Stored items
------------------------------------------------------------------------

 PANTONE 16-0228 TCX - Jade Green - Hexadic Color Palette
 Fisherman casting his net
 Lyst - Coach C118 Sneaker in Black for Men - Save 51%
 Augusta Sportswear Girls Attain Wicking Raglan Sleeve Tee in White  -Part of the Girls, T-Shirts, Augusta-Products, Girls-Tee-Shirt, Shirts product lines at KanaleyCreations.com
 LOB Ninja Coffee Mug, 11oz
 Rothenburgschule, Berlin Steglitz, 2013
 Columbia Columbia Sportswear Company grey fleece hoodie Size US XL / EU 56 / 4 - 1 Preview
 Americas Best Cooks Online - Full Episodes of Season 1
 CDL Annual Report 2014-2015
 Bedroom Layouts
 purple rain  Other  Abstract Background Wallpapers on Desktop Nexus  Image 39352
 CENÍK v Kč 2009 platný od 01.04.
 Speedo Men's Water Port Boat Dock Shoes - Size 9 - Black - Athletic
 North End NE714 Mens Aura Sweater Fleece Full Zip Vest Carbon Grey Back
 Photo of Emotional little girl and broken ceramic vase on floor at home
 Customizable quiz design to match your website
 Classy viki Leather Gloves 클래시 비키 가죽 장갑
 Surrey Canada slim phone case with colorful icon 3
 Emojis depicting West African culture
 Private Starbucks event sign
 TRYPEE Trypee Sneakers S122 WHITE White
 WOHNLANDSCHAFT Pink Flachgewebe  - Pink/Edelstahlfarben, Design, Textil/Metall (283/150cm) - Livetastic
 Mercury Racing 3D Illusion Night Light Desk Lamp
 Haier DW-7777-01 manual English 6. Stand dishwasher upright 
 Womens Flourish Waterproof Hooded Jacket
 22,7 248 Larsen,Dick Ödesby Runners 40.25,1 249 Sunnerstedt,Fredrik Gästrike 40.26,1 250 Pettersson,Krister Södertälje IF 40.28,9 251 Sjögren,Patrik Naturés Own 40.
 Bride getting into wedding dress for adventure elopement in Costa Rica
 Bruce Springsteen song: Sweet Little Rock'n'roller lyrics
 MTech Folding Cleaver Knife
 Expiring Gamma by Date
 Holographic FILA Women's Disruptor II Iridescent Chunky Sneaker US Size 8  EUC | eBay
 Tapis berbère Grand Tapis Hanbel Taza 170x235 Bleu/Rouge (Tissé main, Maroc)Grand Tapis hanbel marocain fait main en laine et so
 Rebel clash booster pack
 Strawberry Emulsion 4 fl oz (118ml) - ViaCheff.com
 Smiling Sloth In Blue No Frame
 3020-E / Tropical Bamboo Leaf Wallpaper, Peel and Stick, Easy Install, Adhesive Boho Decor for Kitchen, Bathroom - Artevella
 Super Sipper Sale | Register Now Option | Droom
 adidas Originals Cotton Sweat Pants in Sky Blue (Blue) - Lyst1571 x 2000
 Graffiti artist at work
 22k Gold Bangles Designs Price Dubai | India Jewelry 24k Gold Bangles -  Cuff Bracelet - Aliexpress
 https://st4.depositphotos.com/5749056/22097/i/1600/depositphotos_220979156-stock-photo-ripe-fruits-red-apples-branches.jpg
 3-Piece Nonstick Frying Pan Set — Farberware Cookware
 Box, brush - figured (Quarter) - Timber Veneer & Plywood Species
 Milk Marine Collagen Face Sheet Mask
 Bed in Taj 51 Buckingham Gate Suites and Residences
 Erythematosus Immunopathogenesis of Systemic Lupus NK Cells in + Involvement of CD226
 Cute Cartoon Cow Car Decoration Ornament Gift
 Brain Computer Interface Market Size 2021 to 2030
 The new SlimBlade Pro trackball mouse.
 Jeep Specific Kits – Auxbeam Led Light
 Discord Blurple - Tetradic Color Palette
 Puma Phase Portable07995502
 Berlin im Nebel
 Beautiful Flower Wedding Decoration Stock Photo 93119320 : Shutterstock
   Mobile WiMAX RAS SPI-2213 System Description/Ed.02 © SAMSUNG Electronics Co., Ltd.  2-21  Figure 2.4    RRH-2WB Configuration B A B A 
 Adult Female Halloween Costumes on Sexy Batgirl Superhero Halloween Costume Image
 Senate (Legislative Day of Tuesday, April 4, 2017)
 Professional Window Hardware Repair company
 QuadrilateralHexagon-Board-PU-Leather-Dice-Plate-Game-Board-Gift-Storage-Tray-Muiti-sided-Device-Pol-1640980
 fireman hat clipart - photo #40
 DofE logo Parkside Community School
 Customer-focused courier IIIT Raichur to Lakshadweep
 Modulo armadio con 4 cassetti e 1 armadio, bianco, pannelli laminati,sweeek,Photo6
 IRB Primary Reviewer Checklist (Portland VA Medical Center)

------------------------------------------------------------------------

> _What is expected_:
Once more, write out the records in full, exactly as they appear.

> _Exercise answer_:
 PANTONE 16-0228 TCX - Jade Green - Hexadic Color Palette
 Fisherman casting his net
 Lyst - Coach C118 Sneaker in Black for Men - Save 51%
 Augusta Sportswear Girls Attain Wicking Raglan Sleeve Tee in White  -Part of the Girls, T-Shirts, Augusta-Products, Girls-Tee-Shirt, Shirts product lines at KanaleyCreations.com
 LOB Ninja Coffee Mug, 11oz
 Rothenburgschule, Berlin Steglitz, 2013
 Columbia Columbia Sportswear Company grey fleece hoodie Size US XL / EU 56 / 4 - 1 Preview
 Americas Best Cooks Online - Full Episodes of Season 1
 CDL Annual Report 2014-2015
 Bedroom Layouts
 purple rain  Other  Abstract Background Wallpapers on Desktop Nexus  Image 39352
 CENÍK v Kč 2009 platný od 01.04.
 Speedo Men's Water Port Boat Dock Shoes - Size 9 - Black - Athletic
 North End NE714 Mens Aura Sweater Fleece Full Zip Vest Carbon Grey Back
 Photo of Emotional little girl and broken ceramic vase on floor at home
 Customizable quiz design to match your website
 Classy viki Leather Gloves 클래시 비키 가죽 장갑
 Surrey Canada slim phone case with colorful icon 3
 Emojis depicting West African culture
 Private Starbucks event sign
 TRYPEE Trypee Sneakers S122 WHITE White
 WOHNLANDSCHAFT Pink Flachgewebe  - Pink/Edelstahlfarben, Design, Textil/Metall (283/150cm) - Livetastic
 Mercury Racing 3D Illusion Night Light Desk Lamp
 Haier DW-7777-01 manual English 6. Stand dishwasher upright 
 Womens Flourish Waterproof Hooded Jacket
 22,7 248 Larsen,Dick Ödesby Runners 40.25,1 249 Sunnerstedt,Fredrik Gästrike 40.26,1 250 Pettersson,Krister Södertälje IF 40.28,9 251 Sjögren,Patrik Naturés Own 40.
 Bride getting into wedding dress for adventure elopement in Costa Rica
 Bruce Springsteen song: Sweet Little Rock'n'roller lyrics
 MTech Folding Cleaver Knife
 Expiring Gamma by Date
 Holographic FILA Women's Disruptor II Iridescent Chunky Sneaker US Size 8  EUC | eBay
 Tapis berbère Grand Tapis Hanbel Taza 170x235 Bleu/Rouge (Tissé main, Maroc)Grand Tapis hanbel marocain fait main en laine et so
 Rebel clash booster pack
 Strawberry Emulsion 4 fl oz (118ml) - ViaCheff.com
 Smiling Sloth In Blue No Frame
 3020-E / Tropical Bamboo Leaf Wallpaper, Peel and Stick, Easy Install, Adhesive Boho Decor for Kitchen, Bathroom - Artevella
 Super Sipper Sale | Register Now Option | Droom
 adidas Originals Cotton Sweat Pants in Sky Blue (Blue) - Lyst1571 x 2000
 Graffiti artist at work
 22k Gold Bangles Designs Price Dubai | India Jewelry 24k Gold Bangles -  Cuff Bracelet - Aliexpress
 https://st4.depositphotos.com/5749056/22097/i/1600/depositphotos_220979156-stock-photo-ripe-fruits-red-apples-branches.jpg
 3-Piece Nonstick Frying Pan Set — Farberware Cookware
 Box, brush - figured (Quarter) - Timber Veneer & Plywood Species
 Milk Marine Collagen Face Sheet Mask
 Bed in Taj 51 Buckingham Gate Suites and Residences
 Erythematosus Immunopathogenesis of Systemic Lupus NK Cells in + Involvement of CD226
 Cute Cartoon Cow Car Decoration Ornament Gift
 Brain Computer Interface Market Size 2021 to 2030
 The new SlimBlade Pro trackball mouse.
 Jeep Specific Kits – Auxbeam Led Light
 Discord Blurple - Tetradic Color Palette
 Puma Phase Portable07995502
 Berlin im Nebel
 Beautiful Flower Wedding Decoration Stock Photo 93119320 : Shutterstock
   Mobile WiMAX RAS SPI-2213 System Description/Ed.02 © SAMSUNG Electronics Co., Ltd.  2-21  Figure 2.4    RRH-2WB Configuration B A B A 
 Adult Female Halloween Costumes on Sexy Batgirl Superhero Halloween Costume Image
 Senate (Legislative Day of Tuesday, April 4, 2017)
 Professional Window Hardware Repair company
 QuadrilateralHexagon-Board-PU-Leather-Dice-Plate-Game-Board-Gift-Storage-Tray-Muiti-sided-Device-Pol-1640980
 fireman hat clipart - photo #40
 DofE logo Parkside Community School
 Customer-focused courier IIIT Raichur to Lakshadweep
 Modulo armadio con 4 cassetti e 1 armadio, bianco, pannelli laminati,sweeek,Photo6
 IRB Primary Reviewer Checklist (Portland VA Medical Center)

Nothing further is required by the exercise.